* **What is required**
Nothing below is to be printed except the lines between the line holding "Faran Tahir as Majeed. The inner conflict." and the line holding "Diva Graduation Cakes Fcbdebbfbddfcebd", inclusive, each exactly as it appears.
++++ Records shown
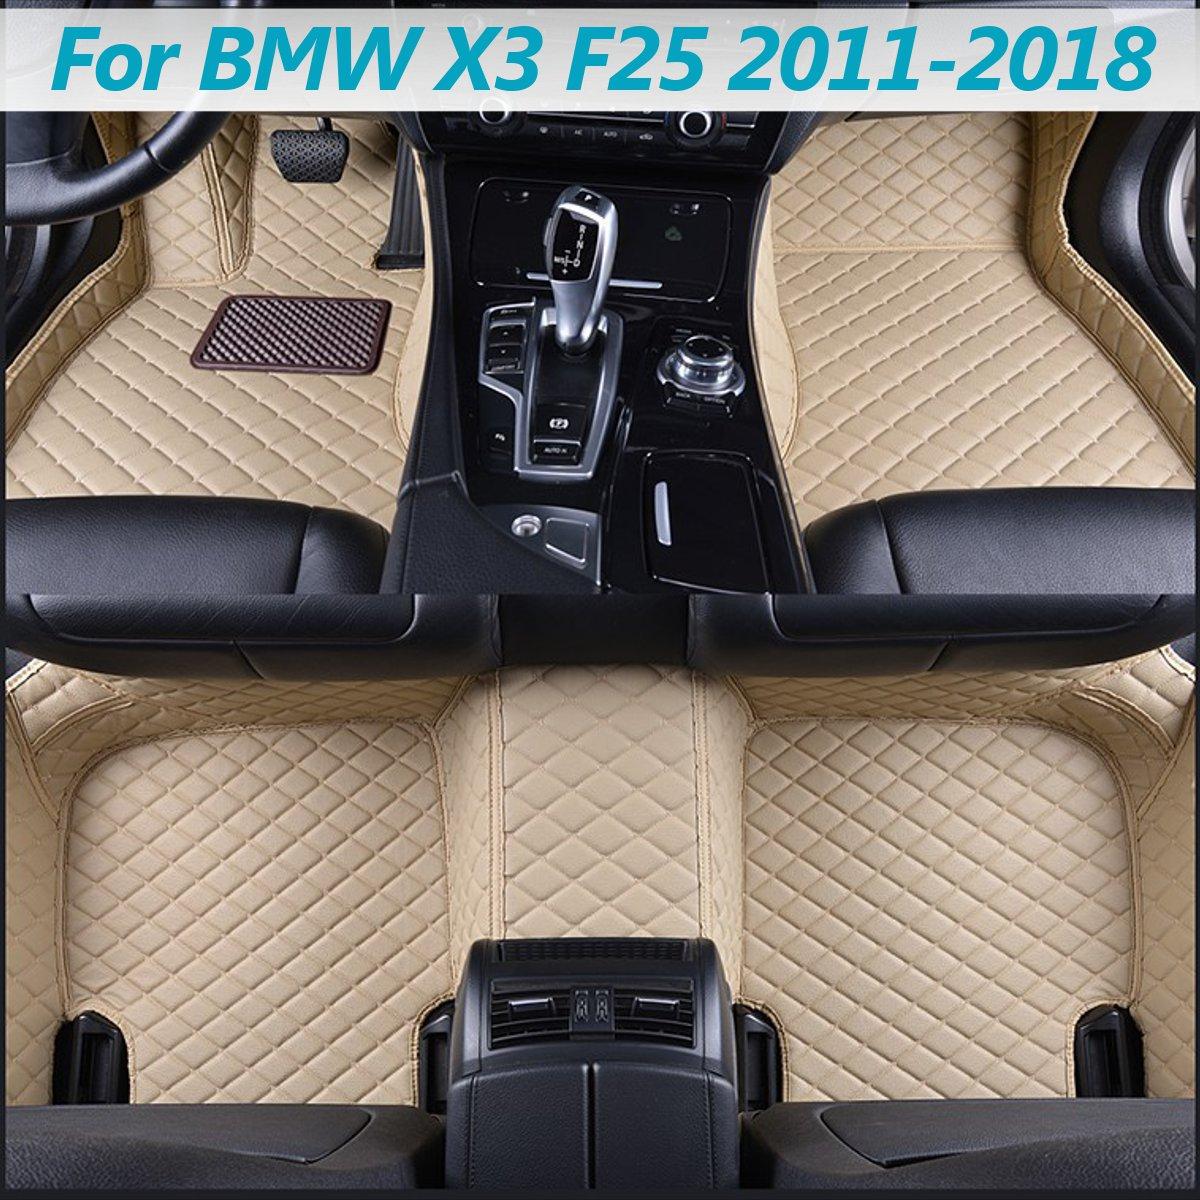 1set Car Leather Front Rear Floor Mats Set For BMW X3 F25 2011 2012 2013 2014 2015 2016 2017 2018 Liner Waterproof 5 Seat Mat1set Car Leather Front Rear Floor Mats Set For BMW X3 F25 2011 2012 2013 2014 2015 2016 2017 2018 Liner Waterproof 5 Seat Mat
++++++++
++++ Records shown
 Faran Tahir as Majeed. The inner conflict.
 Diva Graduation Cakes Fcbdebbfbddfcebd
++++++++
++++ Records shown
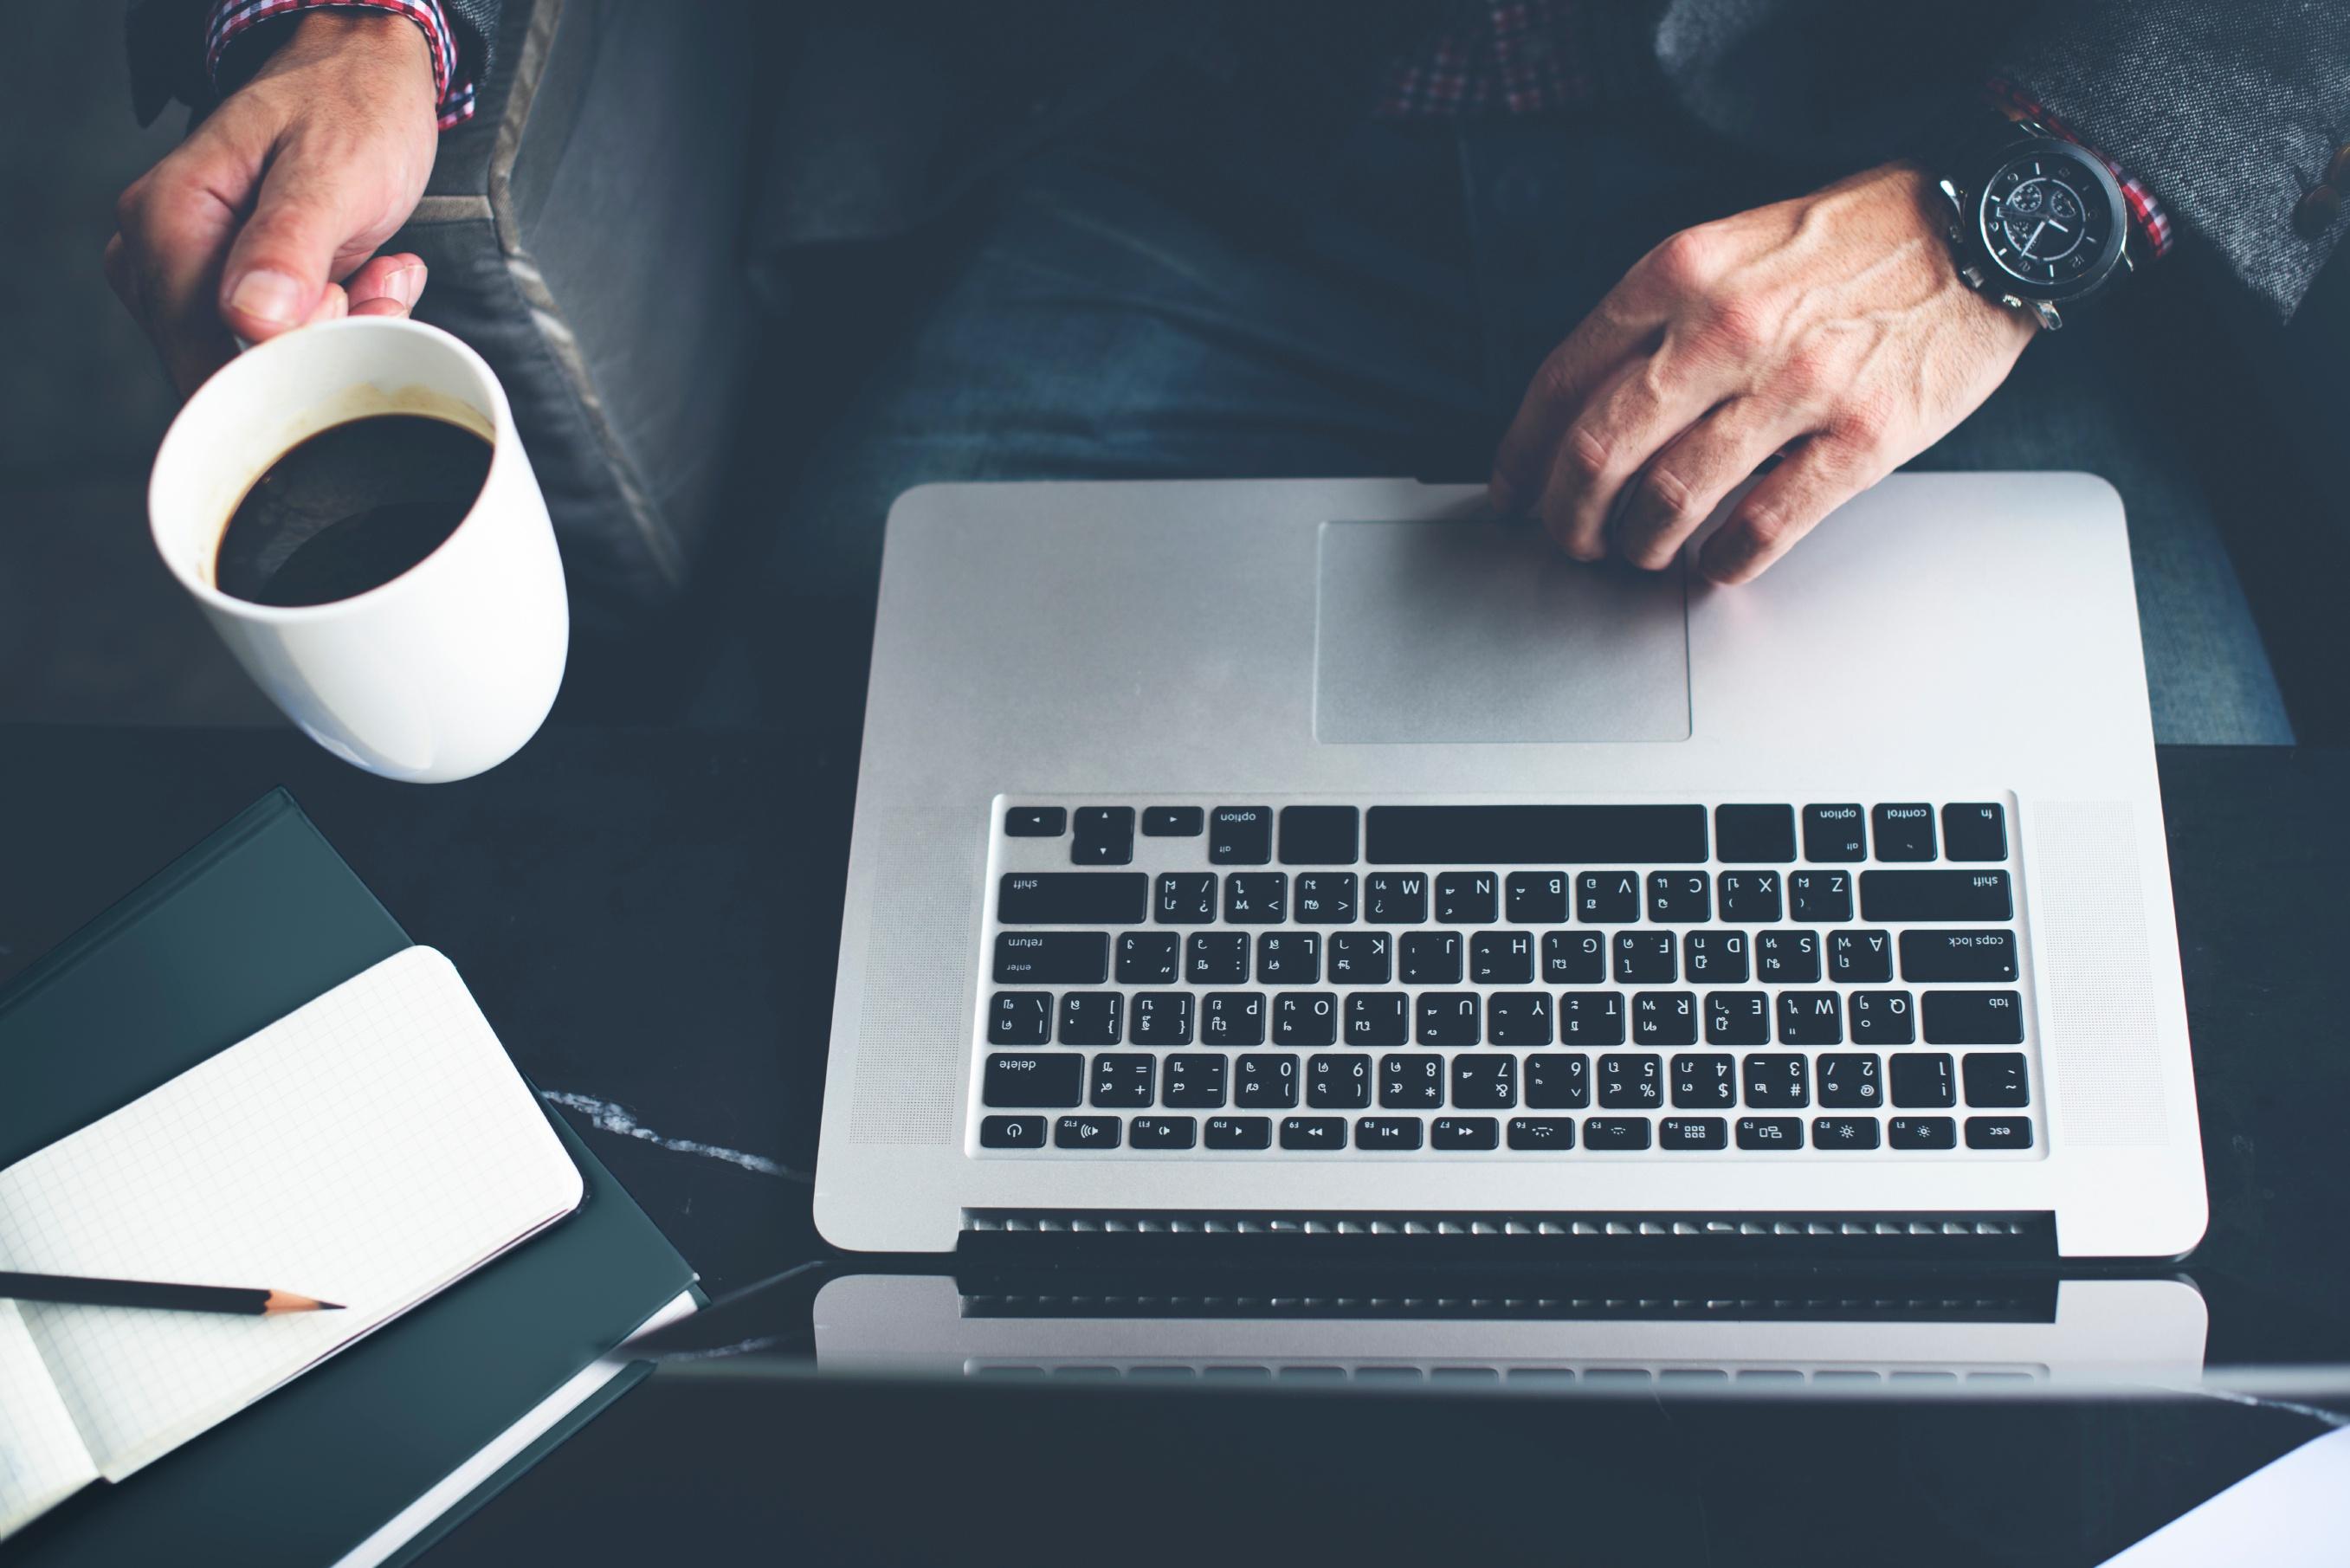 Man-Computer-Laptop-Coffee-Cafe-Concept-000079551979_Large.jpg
++++++++
* **Task response**
 Faran Tahir as Majeed. The inner conflict.
 Diva Graduation Cakes Fcbdebbfbddfcebd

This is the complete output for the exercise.